* **Information provided**
^^^^^^^^
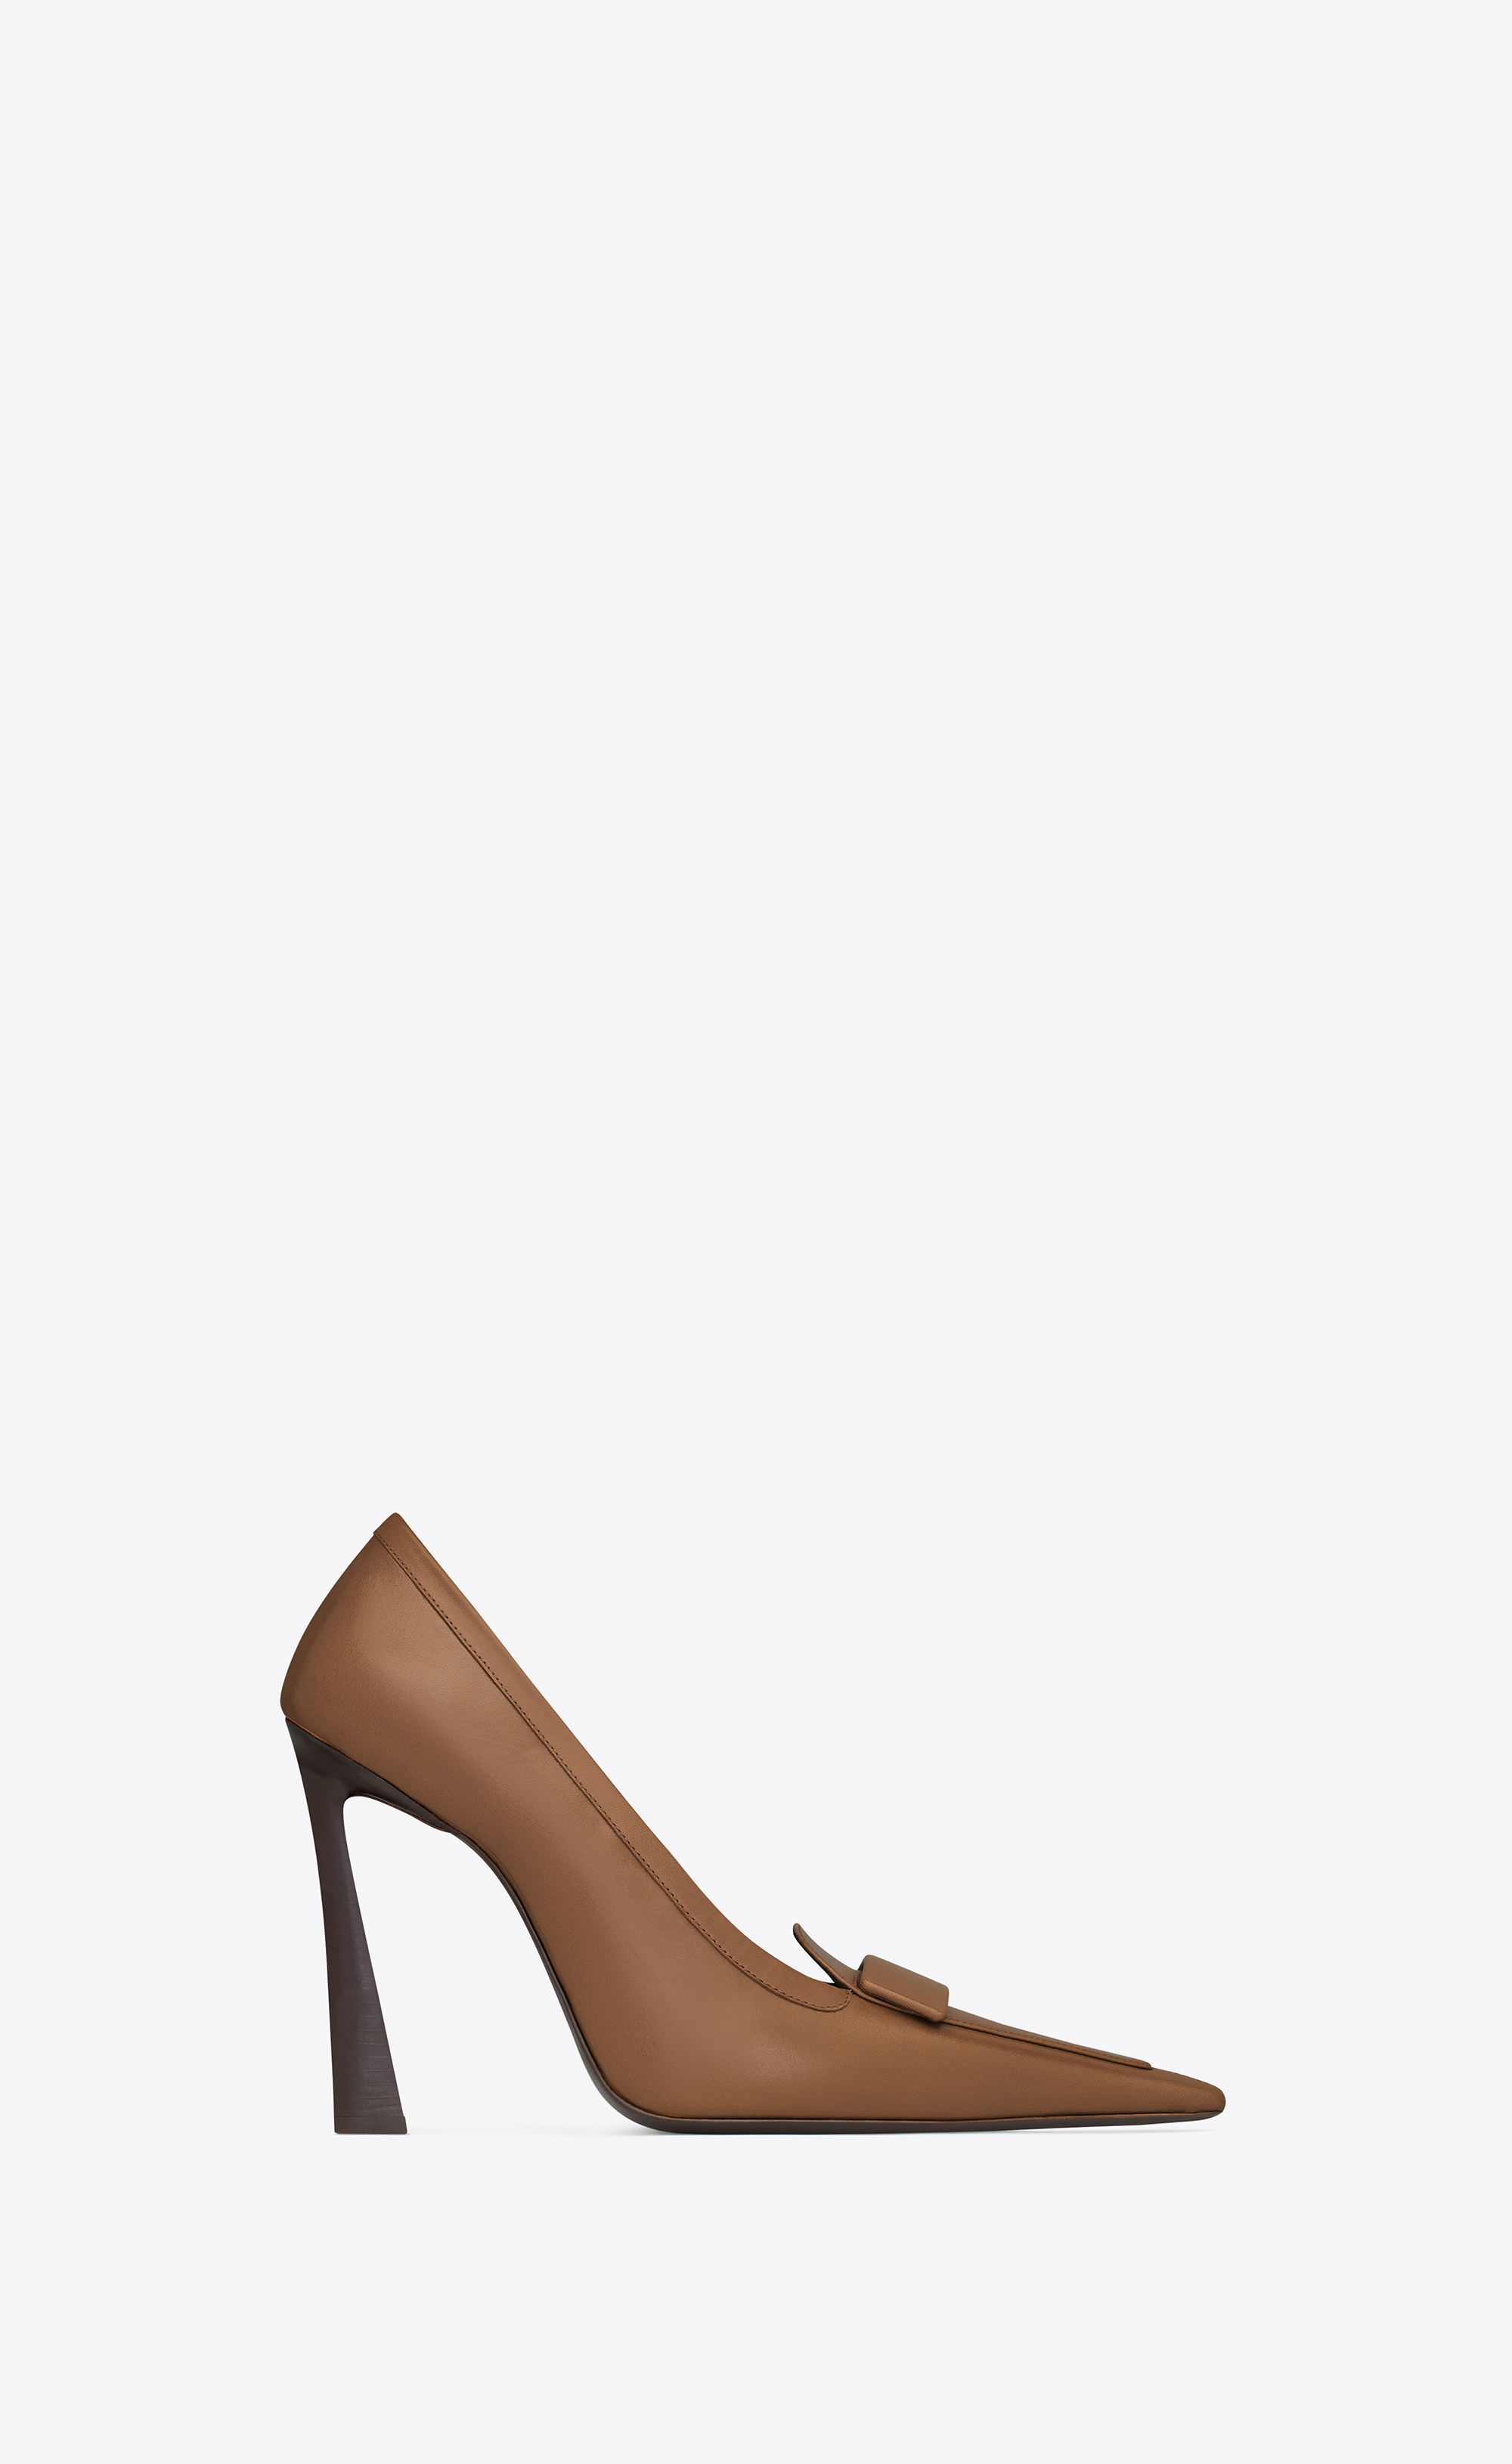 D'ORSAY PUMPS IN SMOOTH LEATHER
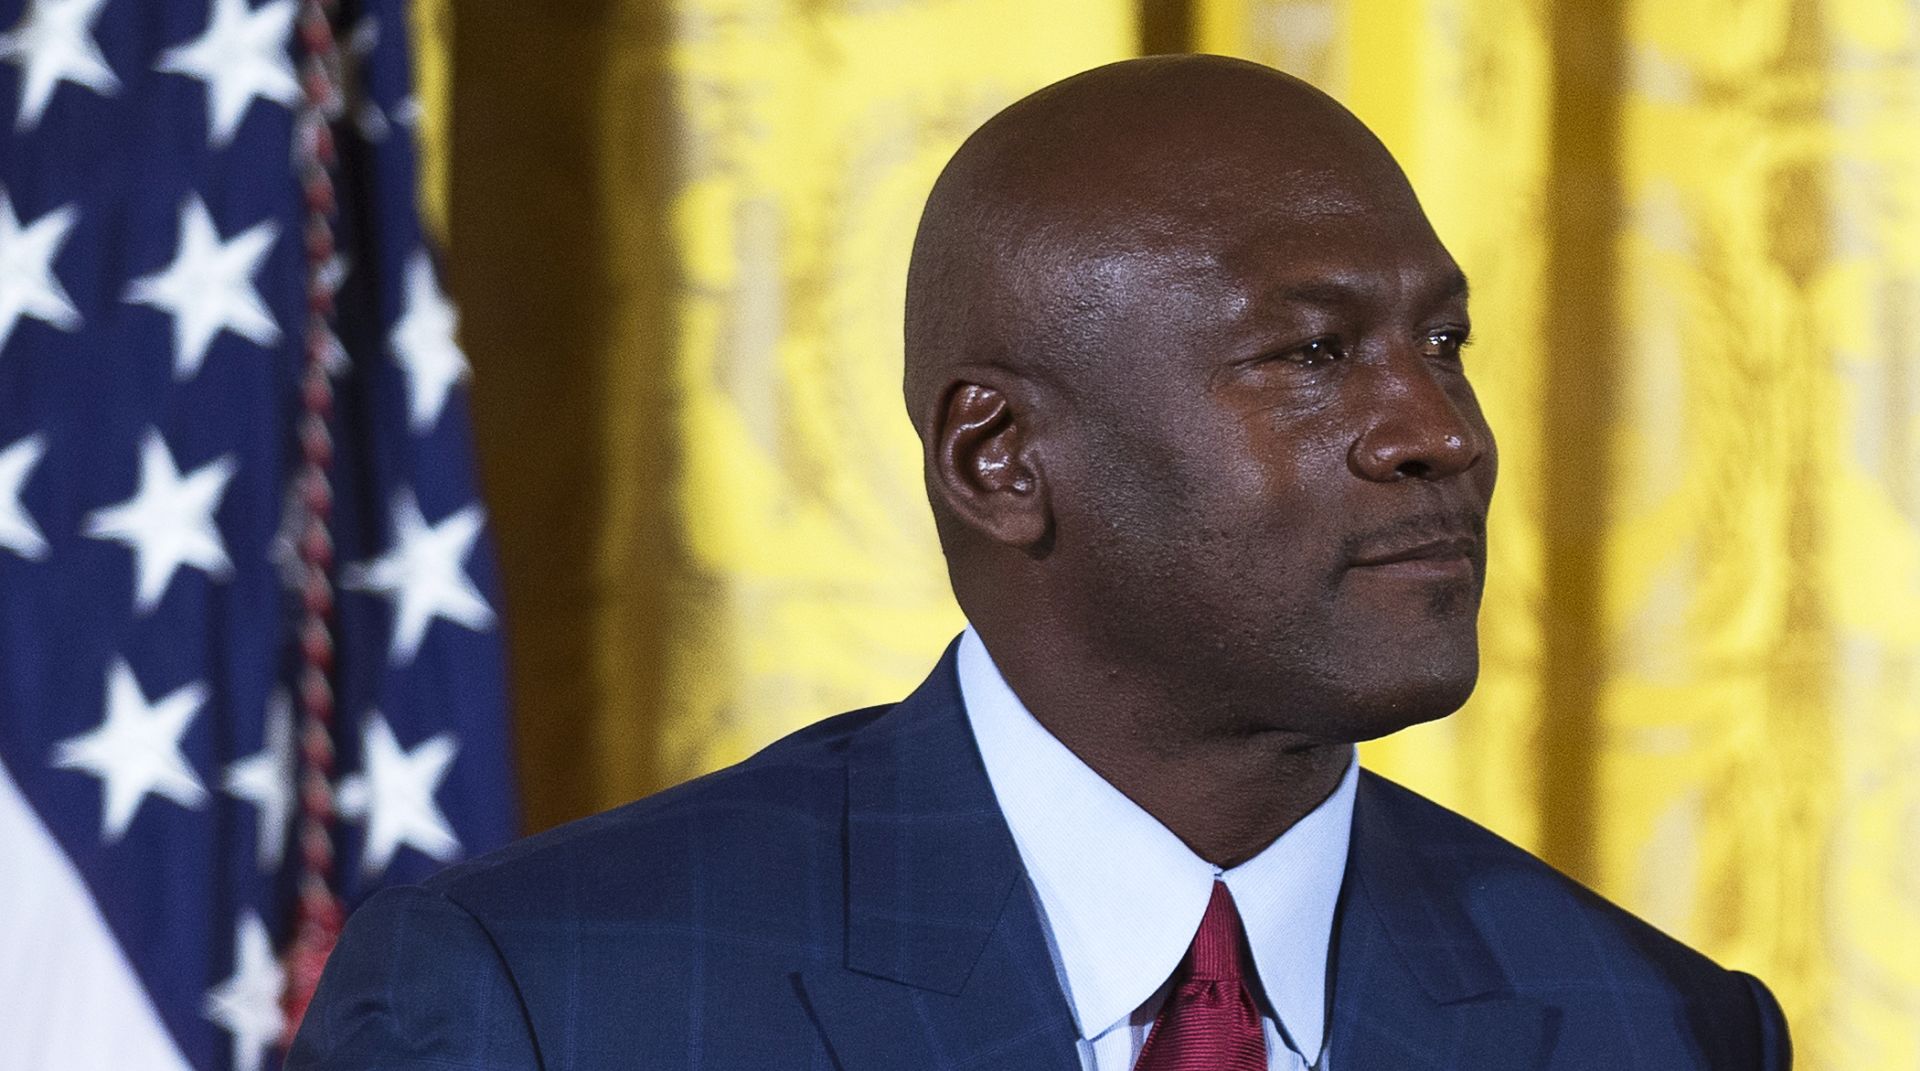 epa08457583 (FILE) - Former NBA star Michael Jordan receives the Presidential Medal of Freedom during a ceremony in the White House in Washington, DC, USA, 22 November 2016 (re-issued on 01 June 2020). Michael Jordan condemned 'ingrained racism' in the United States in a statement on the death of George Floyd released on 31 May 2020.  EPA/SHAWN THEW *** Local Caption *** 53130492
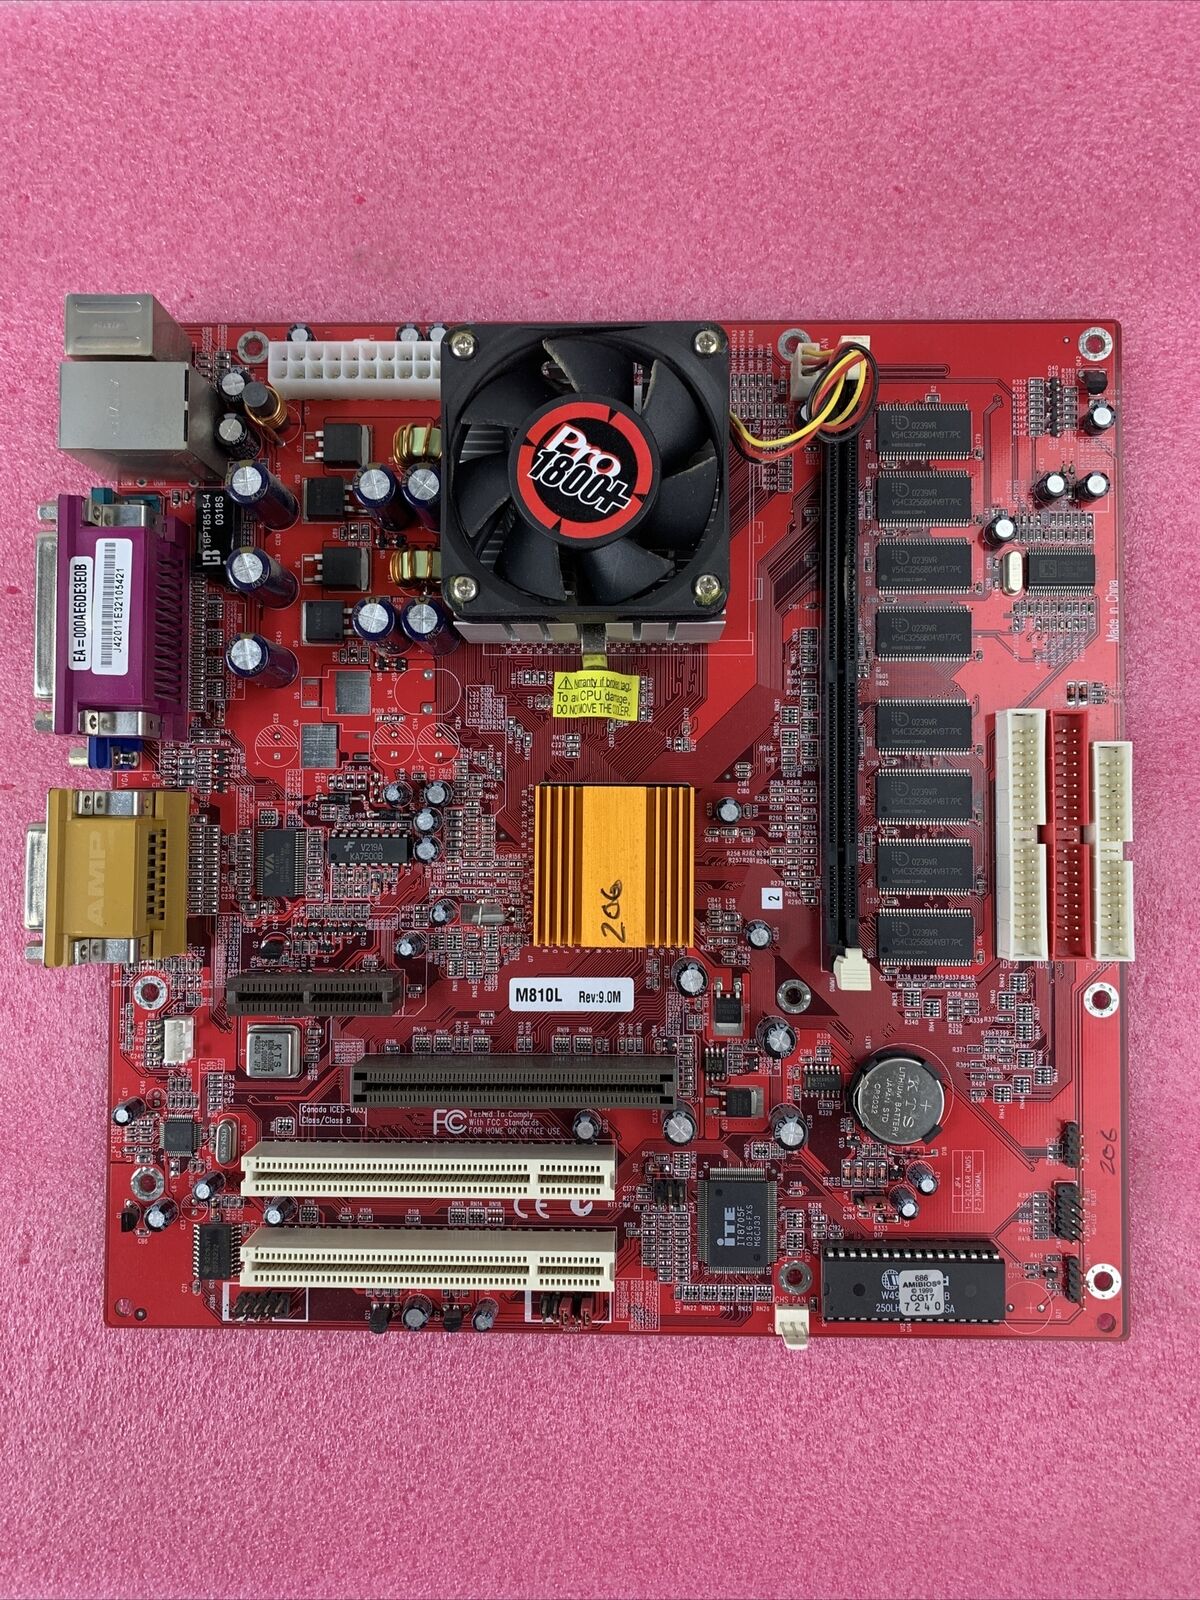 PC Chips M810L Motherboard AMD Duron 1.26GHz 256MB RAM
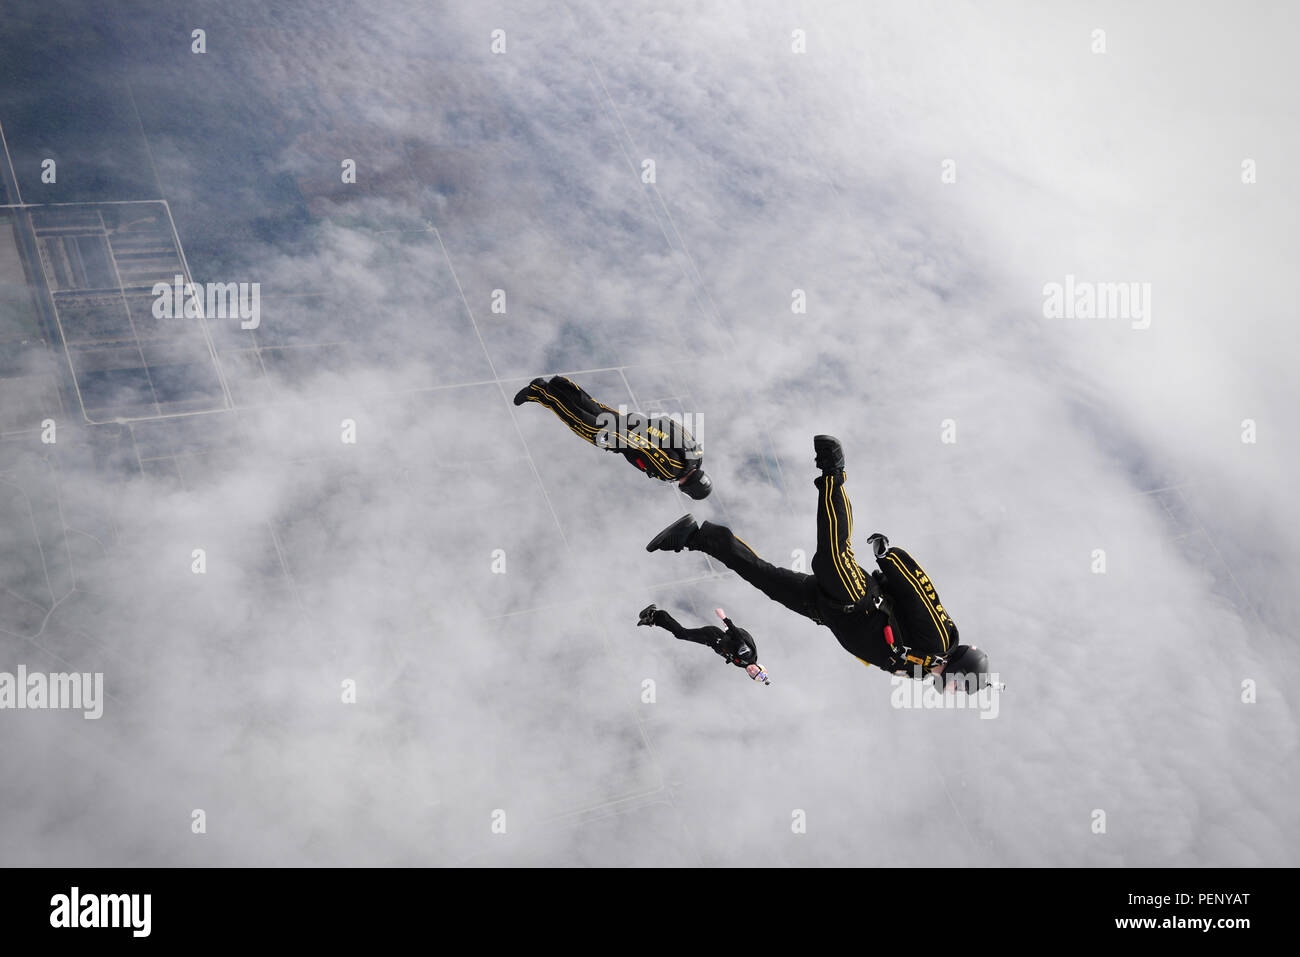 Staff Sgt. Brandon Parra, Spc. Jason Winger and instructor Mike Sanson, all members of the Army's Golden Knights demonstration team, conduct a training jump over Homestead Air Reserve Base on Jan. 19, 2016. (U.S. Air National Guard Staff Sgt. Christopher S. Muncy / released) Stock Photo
^^^^^^^^
* **Work instruction**
Write out an exact copy of the listing, first line through the line containing "PC Chips M810L", with the pictures left out.

* **Reply**
 D'ORSAY PUMPS IN SMOOTH LEATHER
 epa08457583 (FILE) - Former NBA star Michael Jordan receives the Presidential Medal of Freedom during a ceremony in the White House in Washington, DC, USA, 22 November 2016 (re-issued on 01 June 2020). Michael Jordan condemned 'ingrained racism' in the United States in a statement on the death of George Floyd released on 31 May 2020.  EPA/SHAWN THEW *** Local Caption *** 53130492
 PC Chips M810L Motherboard AMD Duron 1.26GHz 256MB RAM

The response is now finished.